Any sample in ht that is hard-filtered or outlier-filtered will have a missing value for these annotations.
- Parameters:
ht (
Table
) – Sample QC filter Table to add relatedness filter annotations to.relationship_ht (
Table
) – Table with relationships annotations.hard_filtered_expr (
BooleanExpression
) – Boolean Expression indicating whether the sample was hard filtered.outlier_filtered_expr (
BooleanExpression
) – Boolean Expression indicating whether the sample was outlier filtered.
- Return type:
- Returns:
Table with related filters added and Table with relationship and gnomad v3 overlap information.
- gnomad_qc.v4.sample_qc.create_sample_qc_metadata_ht.add_annotations(base_ht, ann_ht, ann_label, ann_top_level=False, global_top_level=False, base_ht_missing=None, ann_ht_missing=None, sample_count_match=True)[source]
Annotate base_ht with contents of ann_ht and optionally check that sample counts match.
- Parameters:
base_ht (
Table
) – Table to annotate.ann_ht (
Table
) – Table with annotations to add to base_ht.ann_label (
str
) – Label to use for Struct annotation of ann_ht on base_ht if ann_top_level is True. Also used and for logging message describing annotations being added.ann_top_level (
bool
) – Whether to add all annotations on ann_ht to the top level of base_ht instead of grouping them under a new annotation, ann_label.global_top_level (
bool
) – Whether to add all global annotations on ann_ht to the top level instead of grouping them under a new annotation, “ann_label_parameters”.base_ht_missing (
Optional
[List
[str
]]) – Optional list of approved samples missing from base_ht, but present in ann_ht.ann_ht_missing (
Optional
[List
[str
]]) – Optional list of approved samples missing from ann_ht, but present in base_ht.sample_count_match (
bool
) – Check whether the sample counts match in the two input tables.
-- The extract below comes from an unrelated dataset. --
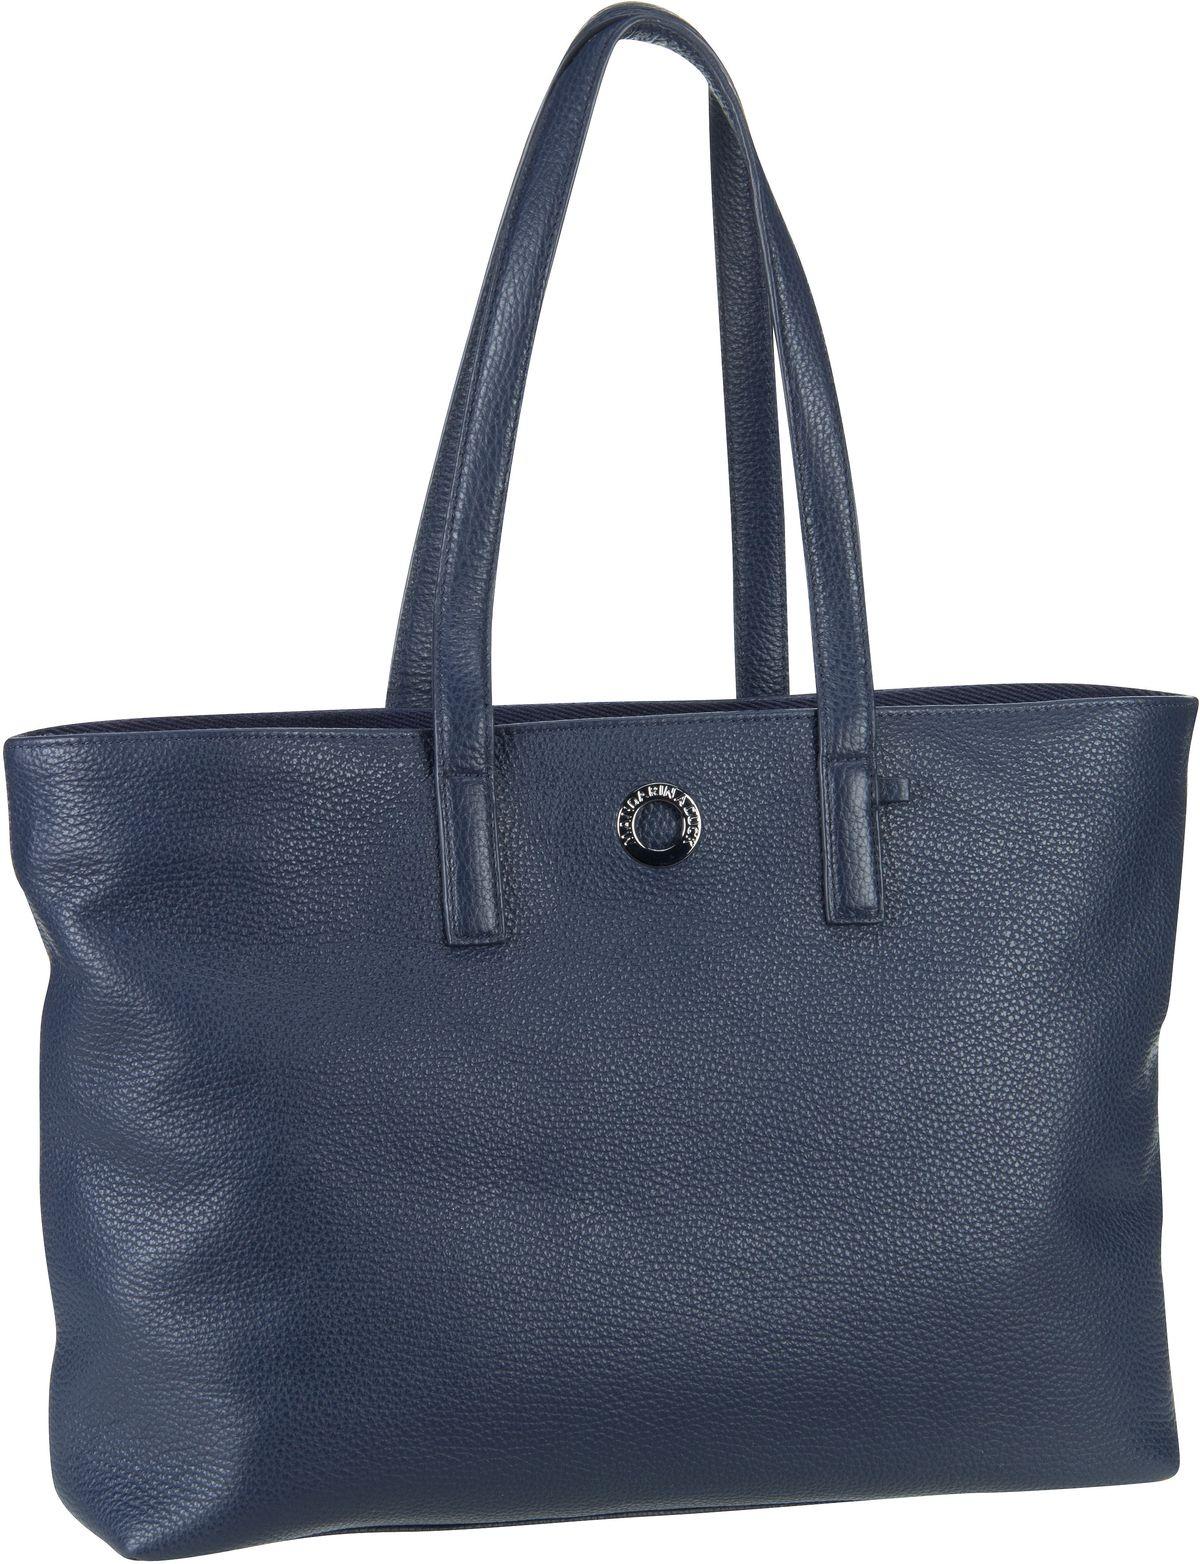 Handtasche Mellow Leather Shopping Bag FZT24 Dress Blue
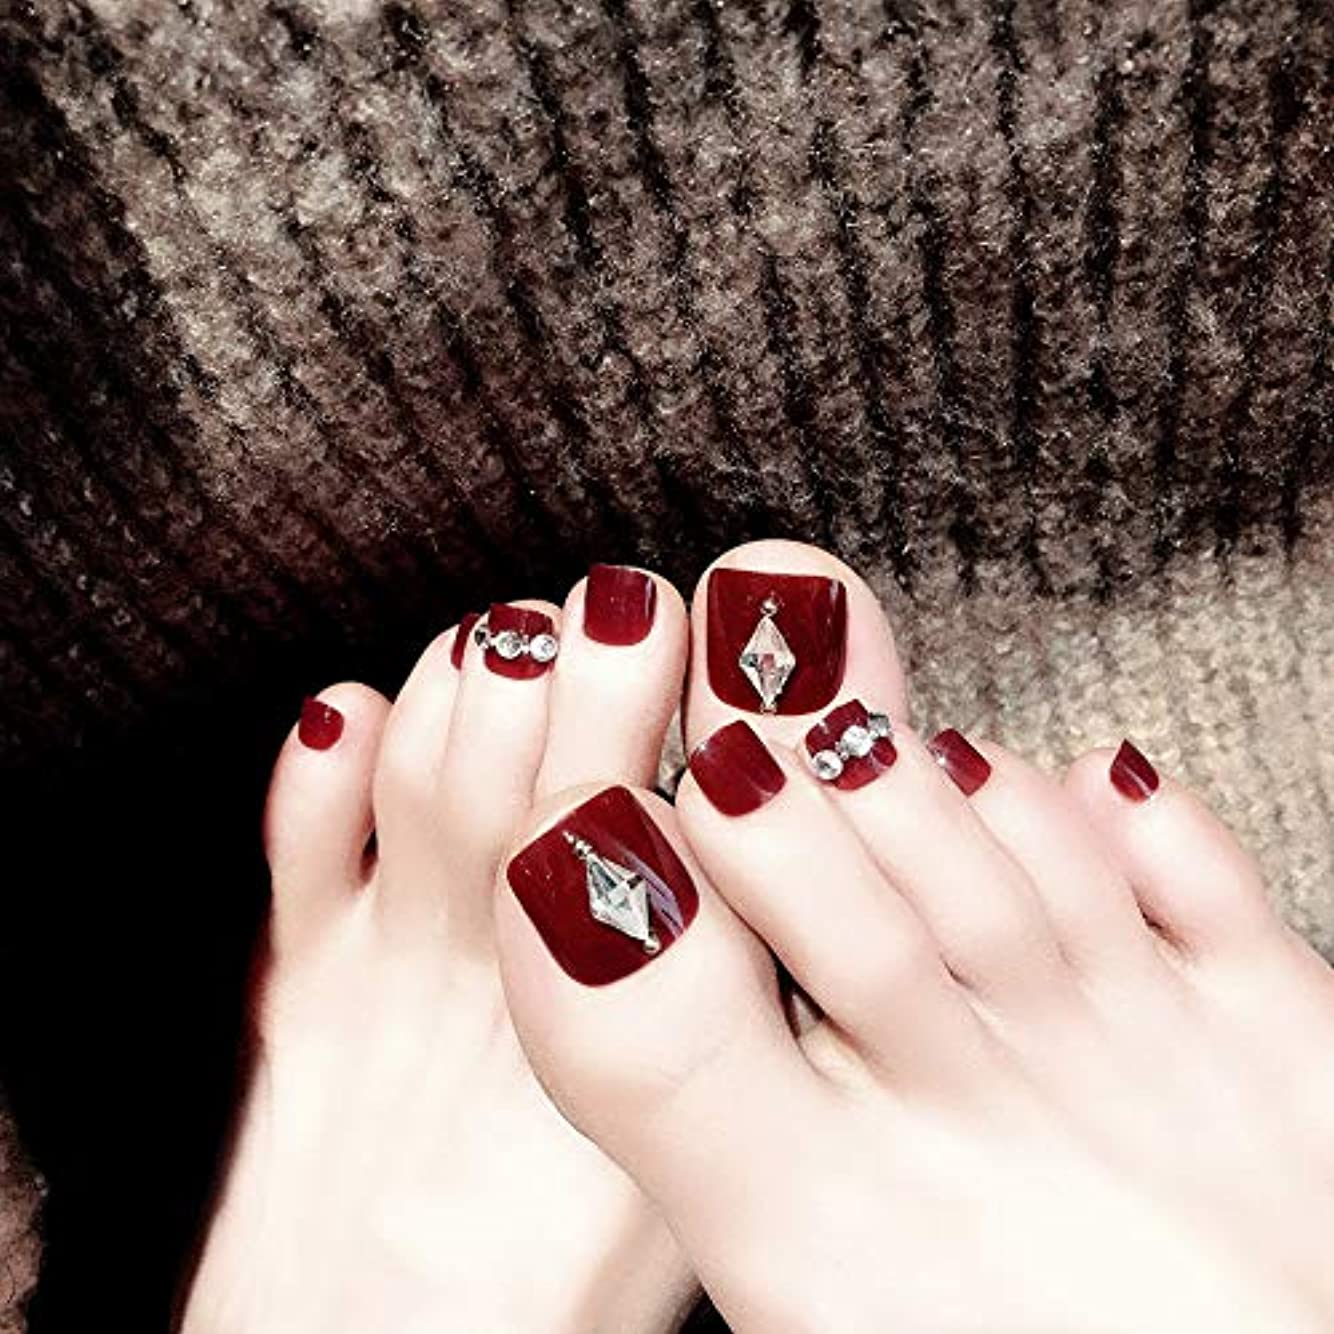 パステルバーベキュー支払いXUTXZKA 24ピース赤ワインつま先偽爪付き人工ダイヤモンドファッションつま先偽爪のための結婚式や毎日のステッカー

Default is True.
- Return type:
- Returns:
Table with additional annotations.
- gnomad_qc.v4.sample_qc.create_sample_qc_metadata_ht.get_sample_filter_ht(base_ht, relationship_ht)[source]
Combine sample filters into a single Table to be added to the metadata Table.
Includes hard-filters, sample QC outlier filters, and relatedness filters.
- gnomad_qc.v4.sample_qc.create_sample_qc_metadata_ht.get_hard_filter_metric_ht(base_ht)[source]
Combine sample contamination, chr20 mean DP, and QC MT callrate into a single Table.